Dig deep. Dig deeper. The scrolls were whizzing around, rolls and rolls of paper at Ino's feet. They took her through his childhood, through his own equivalent of the Chuunin Exams, his first mission, him fingering some girl in an alley, all sorts of insignificant memories – no, wait, these looked important – a meeting in a dodgy pub. A piece of paper passed from one hand to another, the address memorised. Aside glances. A code name for the Hokage – did the stupid arseholes actually think they had a chance at killing him? A bridge over a river, a rickety old bridge at that, and feelings of panic, vertigo, the fear of being dragged away and sucked down forever...

A wicked thought came to Ino, and she knew what she had to do. Her eyes snapped open, and she made the Yamanaka clan seal and said, "Shinranshin no Jutsu."

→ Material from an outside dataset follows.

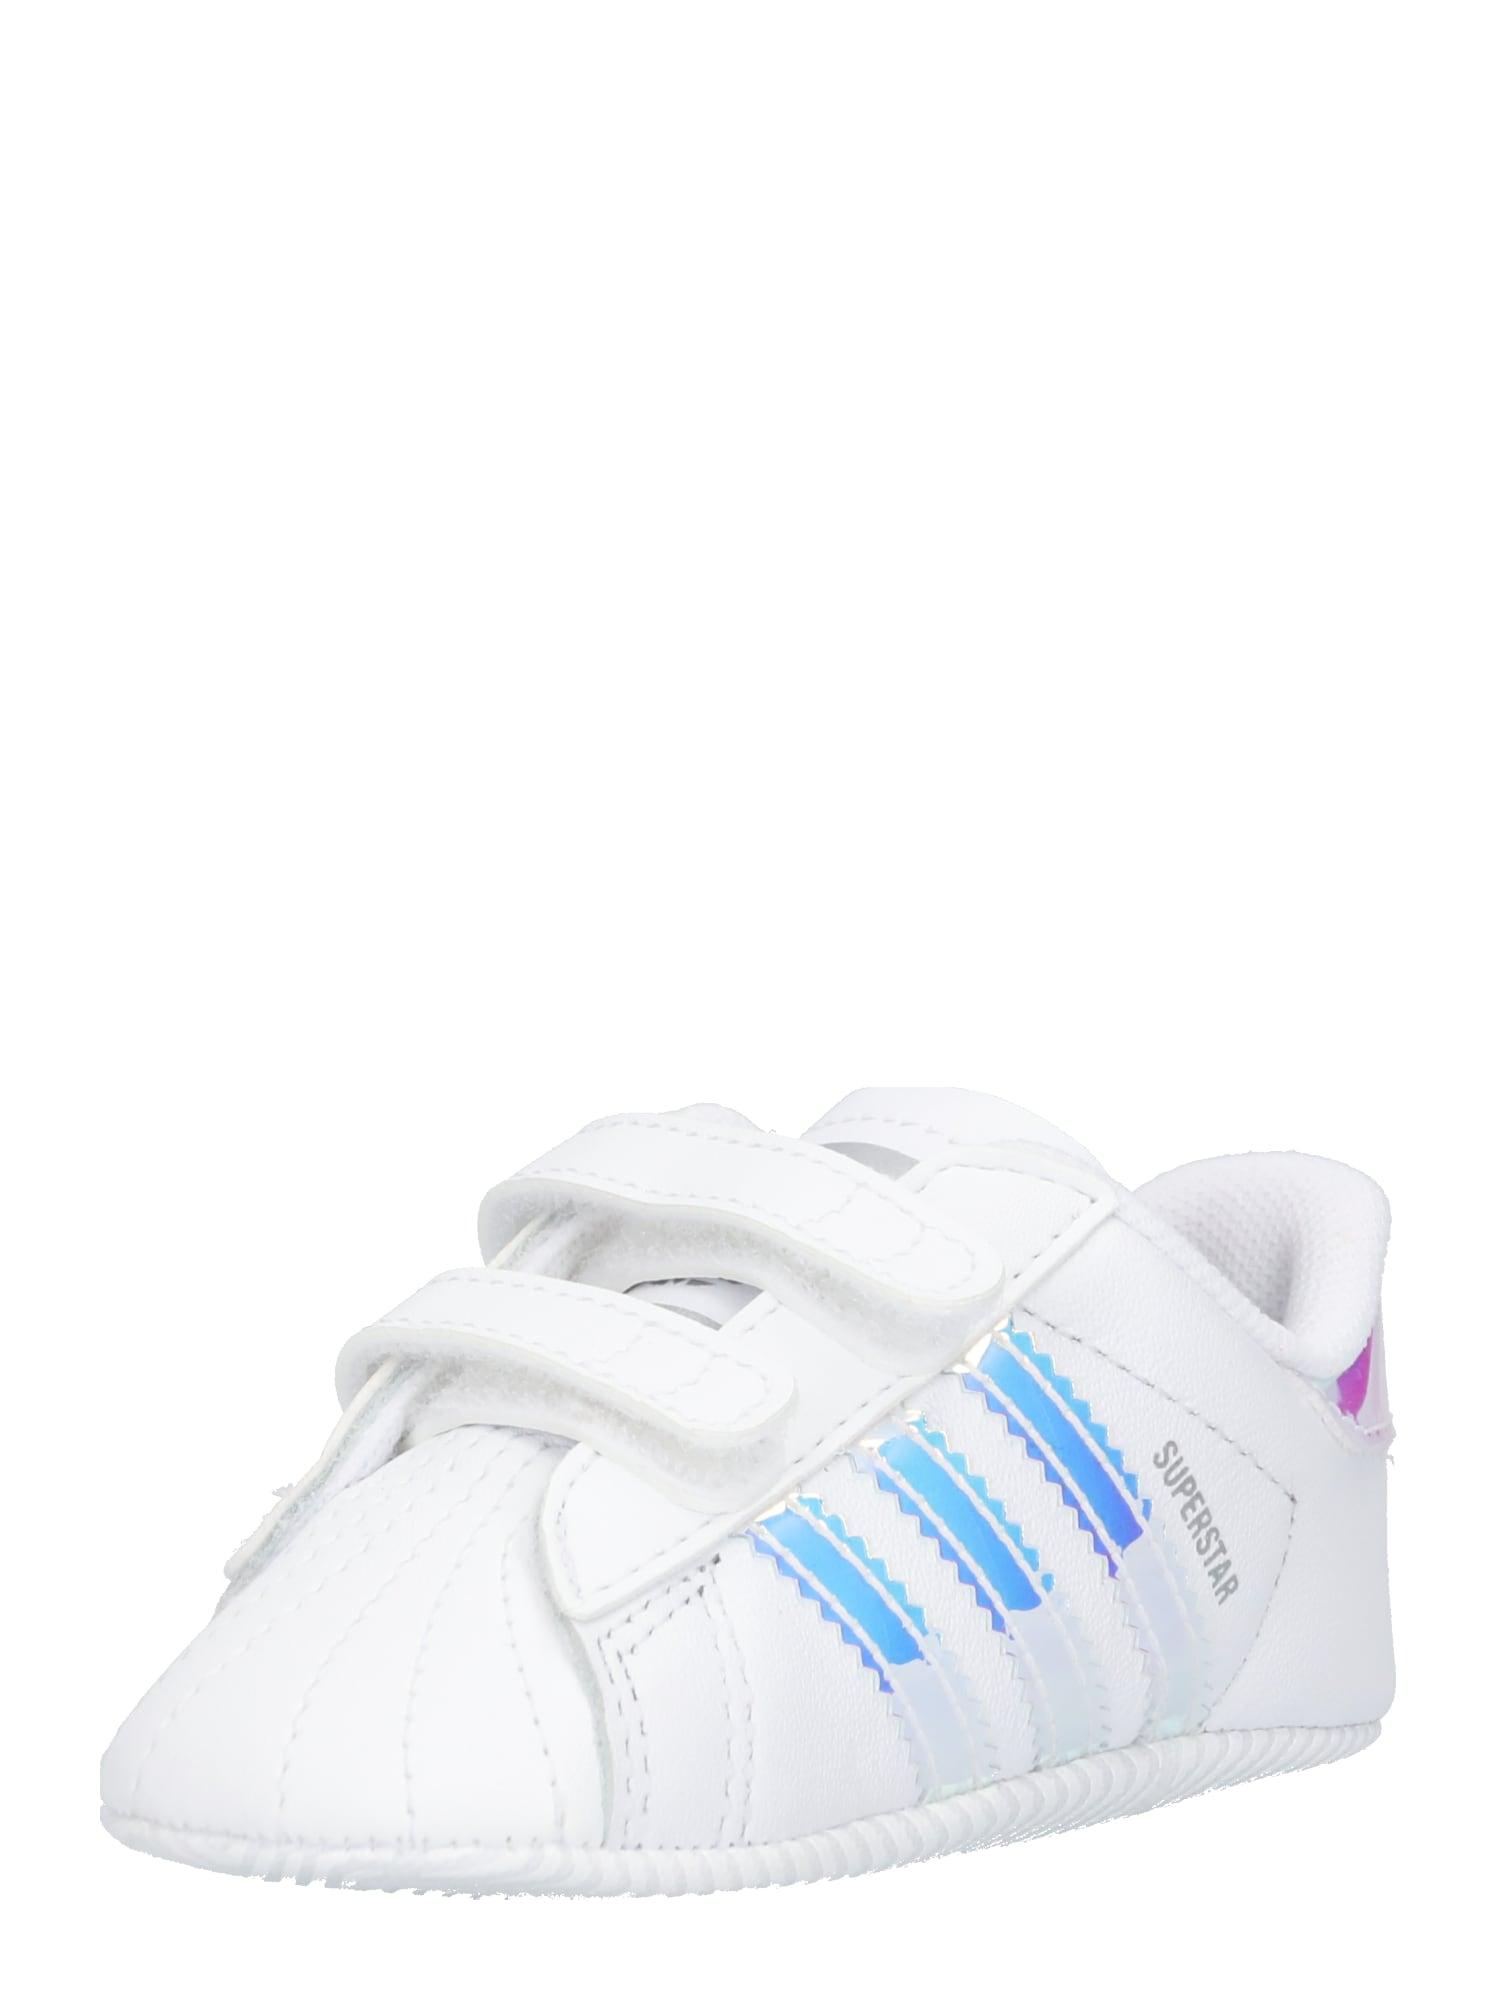 ADIDAS ORIGINALS Pirmieji vaiko vaikščiojimo bateliai balta
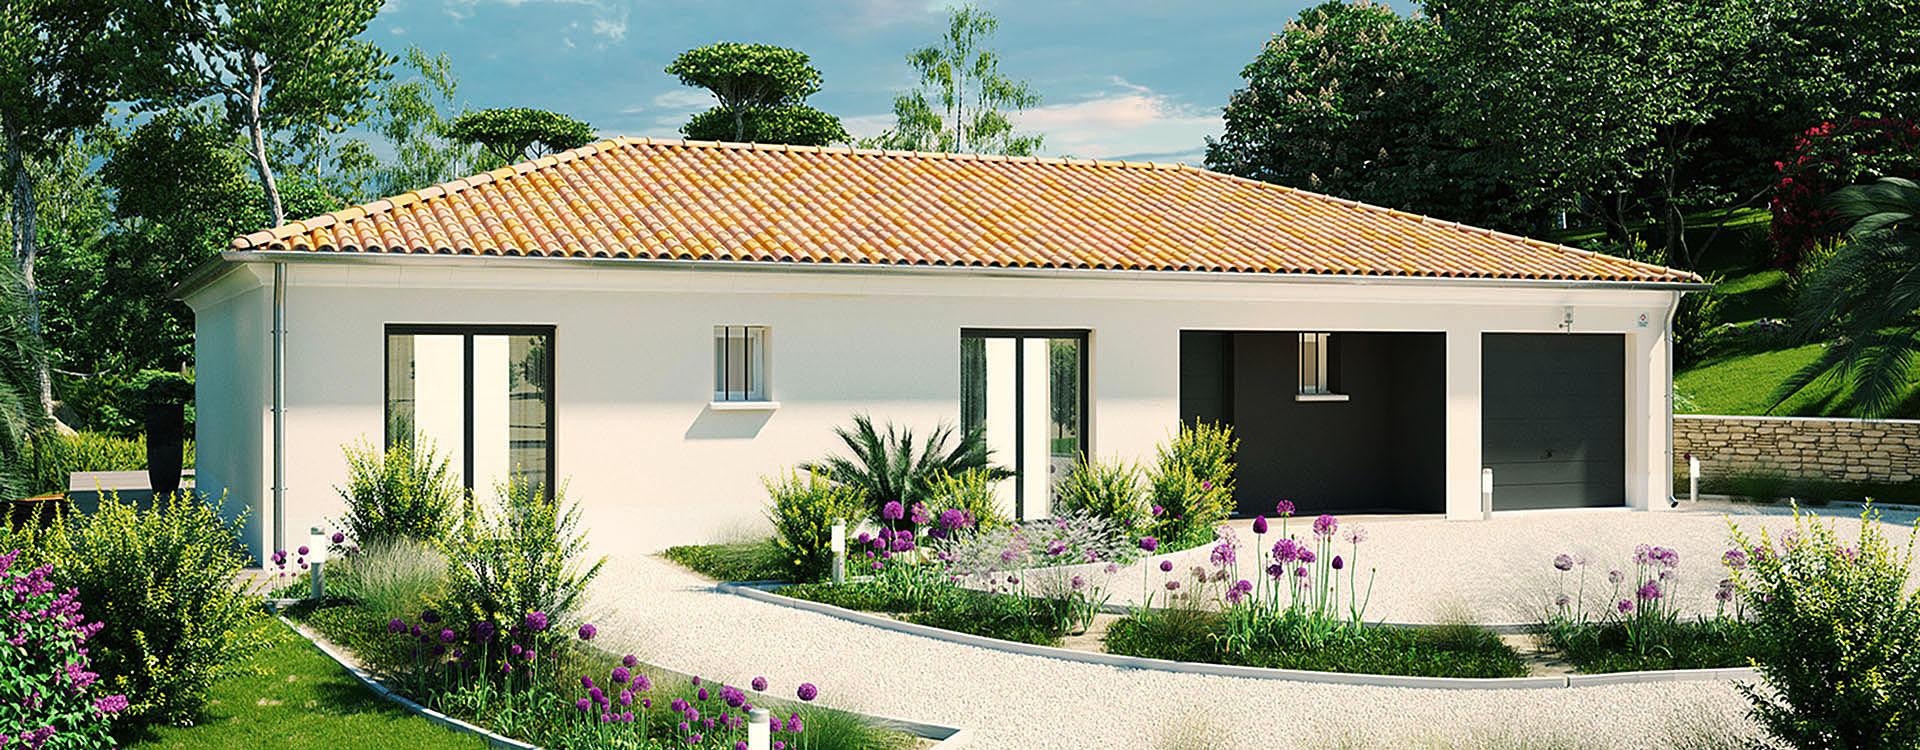 Maisons du constructeur MAISONS PIERRE PUISEUX PONTOISE • 115 m² • VAUREAL

Get in there. Dig deep. Pull it out and shove it in his face. She took every memory she had of turbulent water, the story Chouji told her of how he and Hinata had had to hurry a group of kids out of a cave as water poured in; a journey on a ship where the sea had tossed and Shikamaru had vomited over the side; herself, aged five, shrieking as she slid down a muddy bank and fell into a pond; and her memories intertwined with the prisoner's. The prisoner's face contorted in fear and pain. Ino was up to her neck in his psyche, and she plunged her hands into a body of water that, she realised, was the sea his parents had drowned in, and she threw up her hands, spraying water everywhere.

"Stop!" the prisoner screamed. "Please! Stop!"

Ino conjured up a massive tsunami. She uprooted fears of choking and thrashing and trying to grab for an object that wasn't there. She made him remember his parents floating away in the rushing water.

"I'll do whatever you want me to," gasped the prisoner. He appeared to be short of breath. "Just...please...make that...bitch...stop..."

Chouza was smiling. Hinata looked as though she was about to be sick.

"Don't you dare call me a bitch," Ino snapped. "Or I'll go through every bad memory you have and make it ten times as worse. I mean it."

The prisoner whimpered. Ino flashed Ibiki a triumphant smile, thinking, I did it. How's about that, then? She could have sworn Ibiki looked – no, it couldn't be – was he actually impressed?

"Just like her daddy," she heard Chouza say to Kurenai.

Then she heard Inoichi's thoughts in her head.

Well done, Ino. That's my girl. I knew you could do it.